| GIVEN INFORMATION |
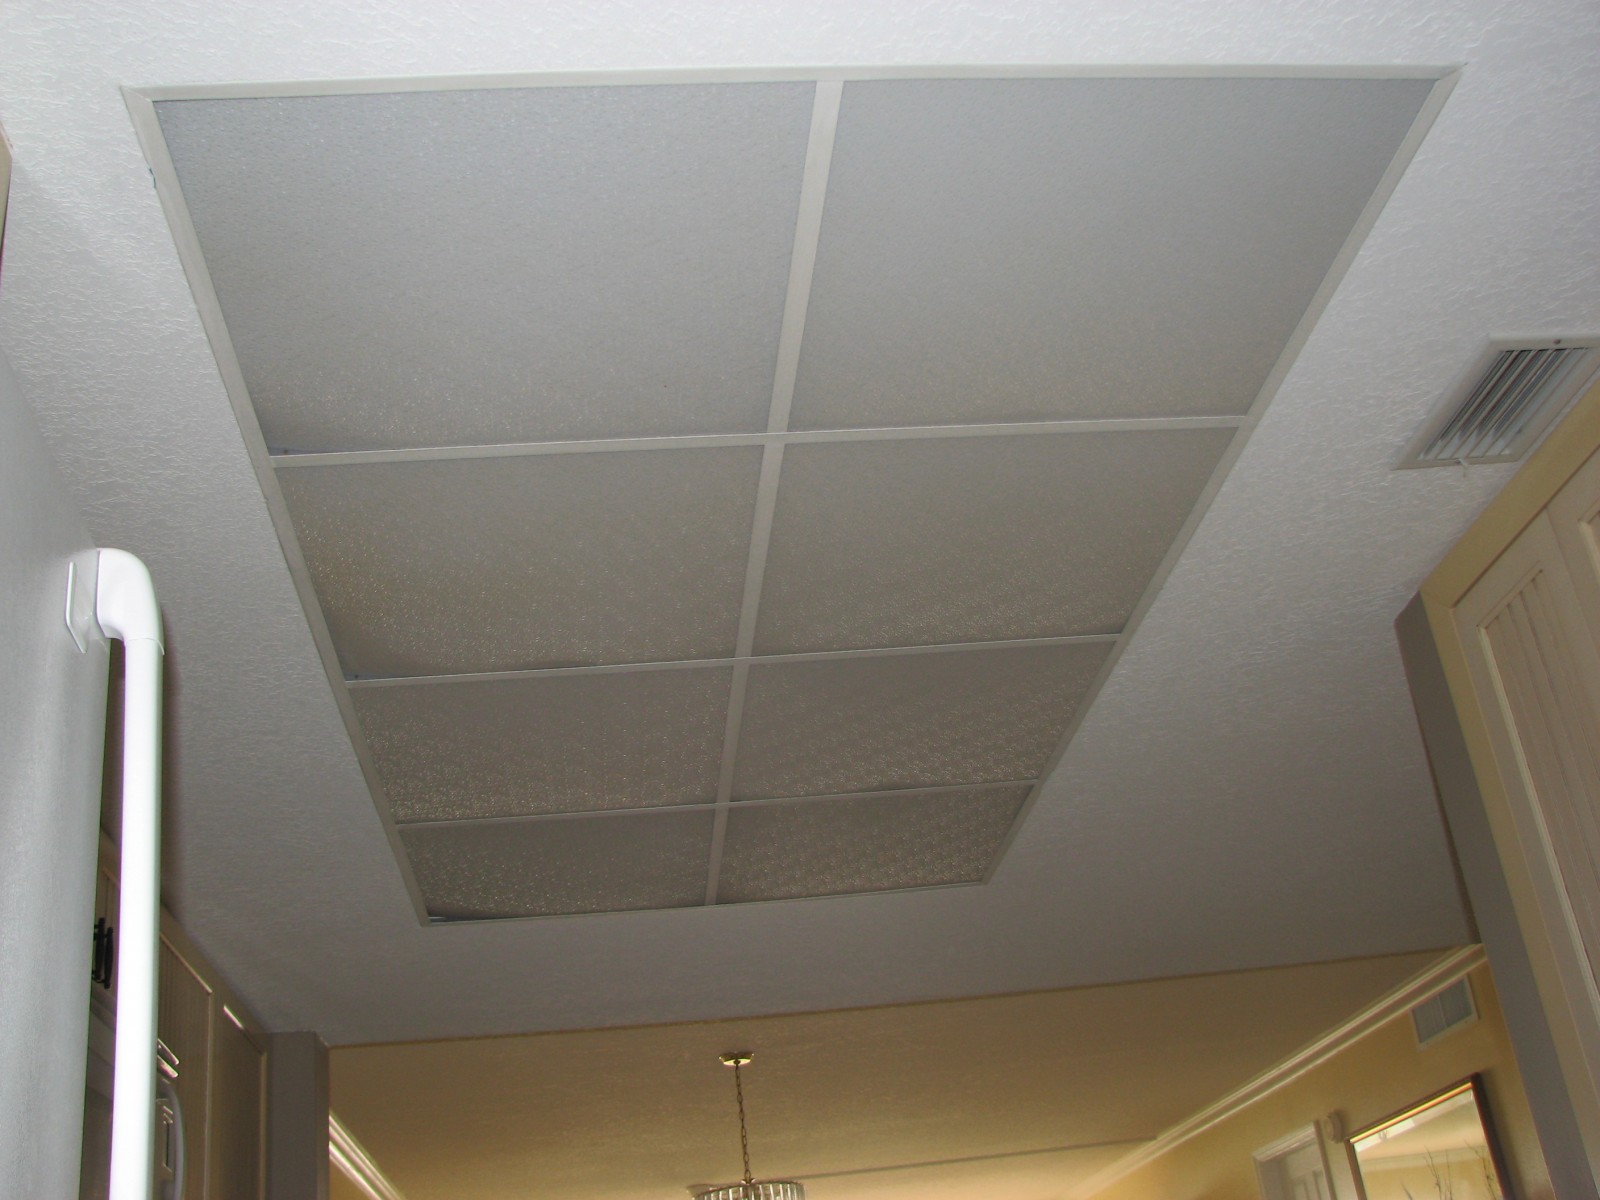 klaver skilsmisse legemliggøre What to do with my old kitchen drop ceiling lighting? Kitchen Remodel
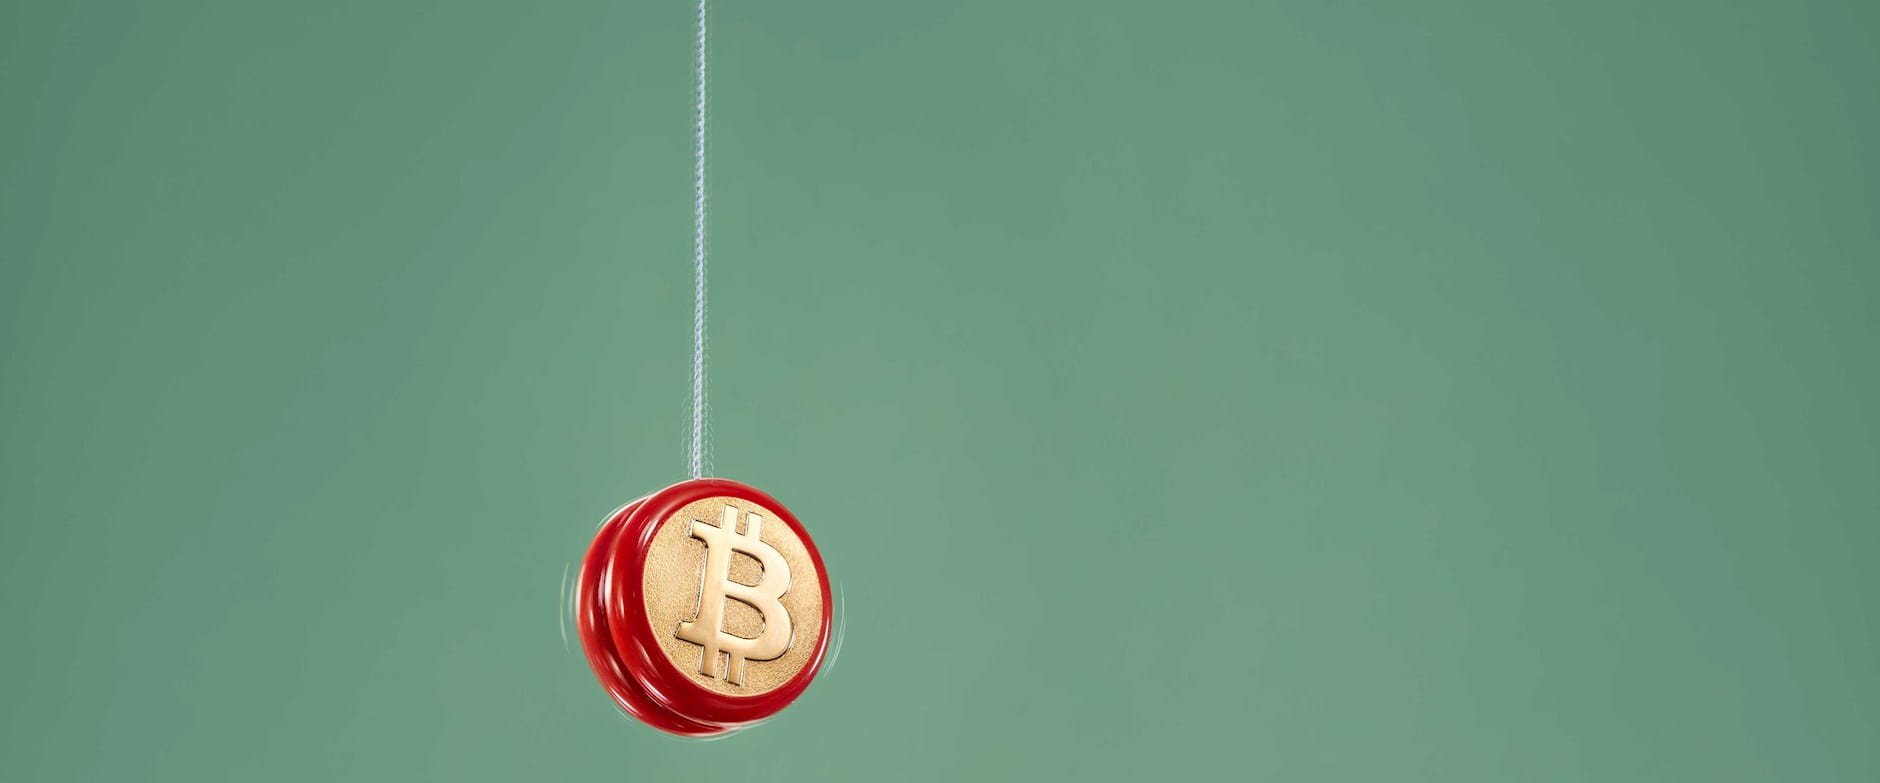 Yo-yo with Bitcoin symbol
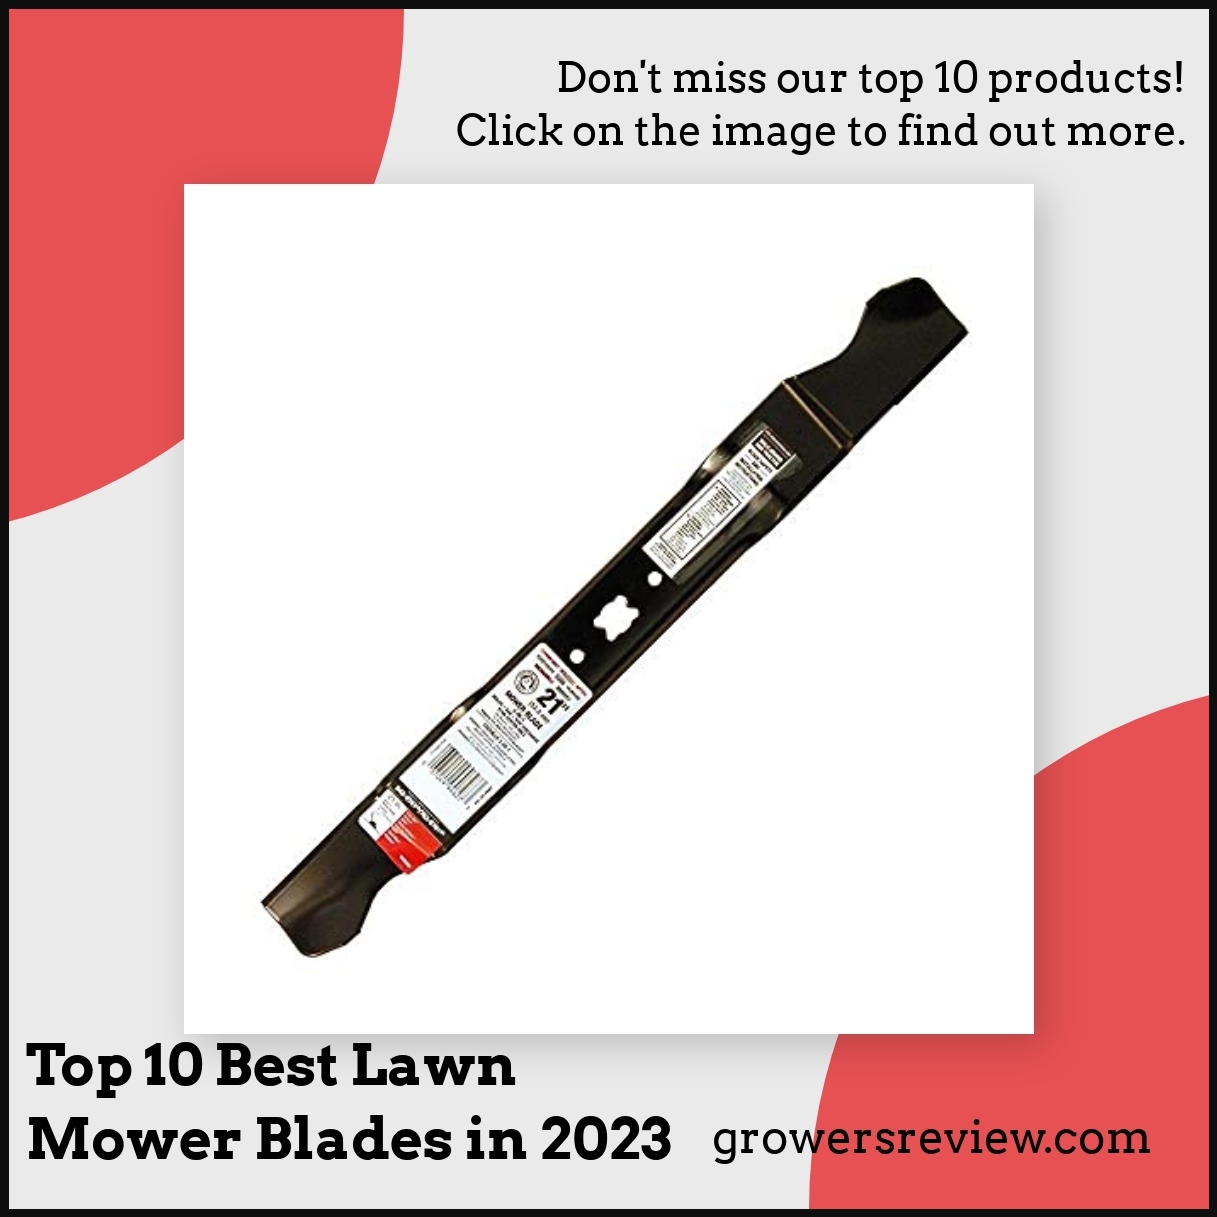 Top 10 Best Lawn Mower Blades in 2023

| ASSIGNED TASK |
Exact copy, no images: rewrite the entire listing above.

| WRITTEN RESPONSE |
 klaver skilsmisse legemliggøre What to do with my old kitchen drop ceiling lighting? Kitchen Remodel
 Yo-yo with Bitcoin symbol
 Top 10 Best Lawn Mower Blades in 2023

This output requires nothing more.